天衍宗宗的议事大殿内,此刻还坐着两位修士,身居尊位。
若是姜凝霜师徒二人在内,说不定能一眼认出二人,因为这二人,正是当初在东洲坠仙谷内来抓烛龙的魏少阳与柳冰眉。
他们今日来此,也是不久前收到了天衍宗的消息,传闻找到了烛龙,所以刚出关不到一日,宗门便派他们二人过来先行了解情况。
刚才还坐得住的二人,此刻感受到外面忽然多出的两道仙人境气息后,一时间也坐不住了。
不过,他们二人并未有意向宗门请求支援,因为他们知道请求了也没用。
犹记得当年出征东洲,他们大败而归,还折损了一位仙人境的老祖。
若不是他们还有一位仙人境老祖,恐怕此刻都要掉落到下游宗门了。
可即使宗门阶层没掉,那一战也让星宫元气大伤,直到最近才恢复过来。
最关键的是,他们最近还听说当年他们攻打的冰宫出了三位仙人境,比他们星宫还多。
他们实在是想不通,东洲那等灵气贫瘠之地,是怎么培养得出三位仙人境修士的?
因此现在,即使天衍宗危在旦夕,即使天衍宗是星宫附属,但面对的是两位仙人境,所以宗门肯定不会派修士过来。
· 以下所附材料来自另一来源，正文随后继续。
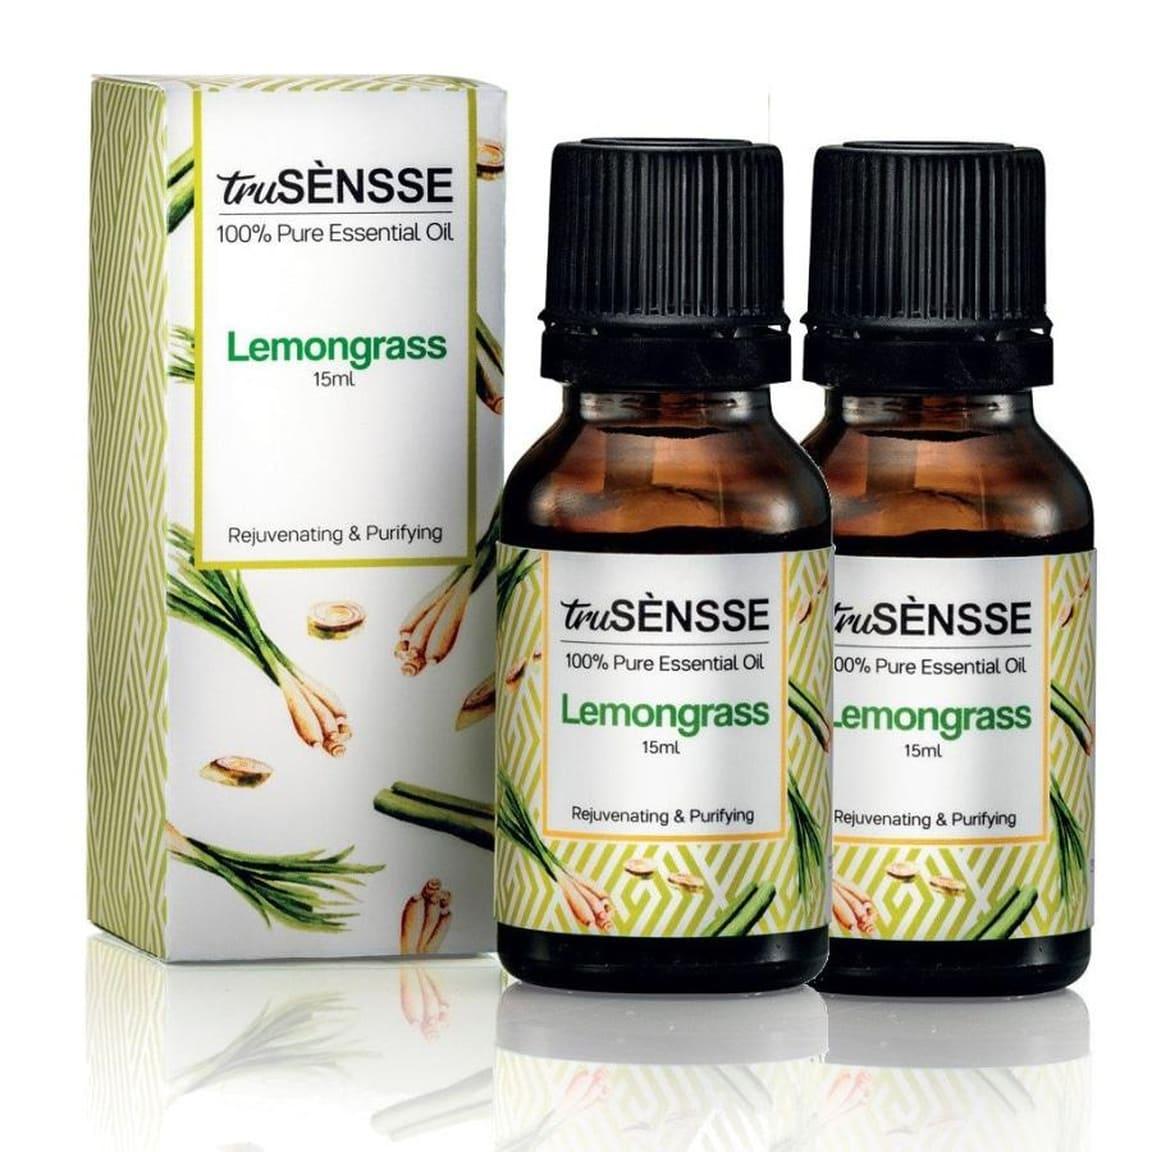 truSÈNSSE 100% Pure Essential Oil - Lemongrass Twin Pack (2) 15ml

仙人境之下的修士过来没什么用,仙人境的老祖则不能过来。
因为现在星宫兴盛衰落全系于他一人身上,若是再出什么意外,星宫就真起不来了。
一旦回到下游宗门之属,那所能分配到的资源便会大幅缩小,想重回中游宗门难如登天。
此刻,两人只能闪身来到殿外,恭迎那二人的到来!
刚到殿外,便见到了得知亲子惨死而被气得吐血的陆剑鸣。
“好个天衍宗,追击我宗镇宗神兽,囚禁本尊灵宠,还敢对本尊娘子出言不逊图谋不轨!”
“天衍宗之人,你们已有取死之道!”
山门之外一阵男子的朗朗冷声传来,振聋发聩,响遍了天衍宗每个角落。
天衍宗每个角落,都有修士在瑟瑟发抖。
面对仙人境的气息,跟他们面对生死天劫没什么两样。
“陆宗主,你们到底做什么了,怎么会招惹到这等存在?”
魏少阳刚压低了声音问话,可一时间场上都安静了下来。
场上安静得出奇,几乎落针可闻,仿佛连众人都喘息声和愈发急促的心跳声都能清清楚楚的听见。
下一刻,空间发生扭曲,一阵至极的冰寒气息席卷而来。
众人再次抬头,只见头上多了一男一女两道身影。
男子立在原地,五官轮廓锋利分明,俊朗眉眼间,凝着几分漫不经心的邪魅。
一身着玄色锦袍,以金线绣出流云暗纹,眸光深邃,一眼望去,便自带一股慑人的气场。
在他身侧,女子一袭月白仙裙,眉如远山含黛,眸若寒星映雪,神情清冷淡漠,周身萦绕着疏离仙气,美得宛若月下玉莲,只可远观。
一身仙气凛然,不染烟火。
众人都诧异,两人长相都十分年轻,但散发出的气息,却无疑是让在场修士都肝胆俱惊的仙人境!
当然,最属震惊的,是星宫的魏少阳与柳冰眉二人!
见到这三十年前见过的熟悉面容,两人一时呆愣在了原地。
怎么会是他们?
任他们师兄妹无论如何都没想到,上天衍宗山门的是这两位故人!
最关键的是,他们二人此刻为什么是仙人境的气息啊?
他们明明记得,当年在坠仙谷中初遇之时,姜凝霜不过游虚后期,徐青云也不过神台境的小小修士而已。
这怎么才三十年不见,他们二人便双双迈入仙人境了?
难道传闻中东洲冰宫晋升的三位仙人境当中,有他们二人?
他们一日前才出关,只听说冰宫出了三位仙人境,还并未知道这三人是谁?
却不曾想这才一日,证据就硬生生站在了自己面前!
整整三十年,他们刻苦修炼,也不过柳冰眉晋升了一个小境界,到达了游虚中期而已。
而魏少阳当年被姜凝霜的太阴冰焰所伤,境界跌落,恢复都用了很长时间,现在依旧卡在当年的游虚中期,距离突破还差一丝契机。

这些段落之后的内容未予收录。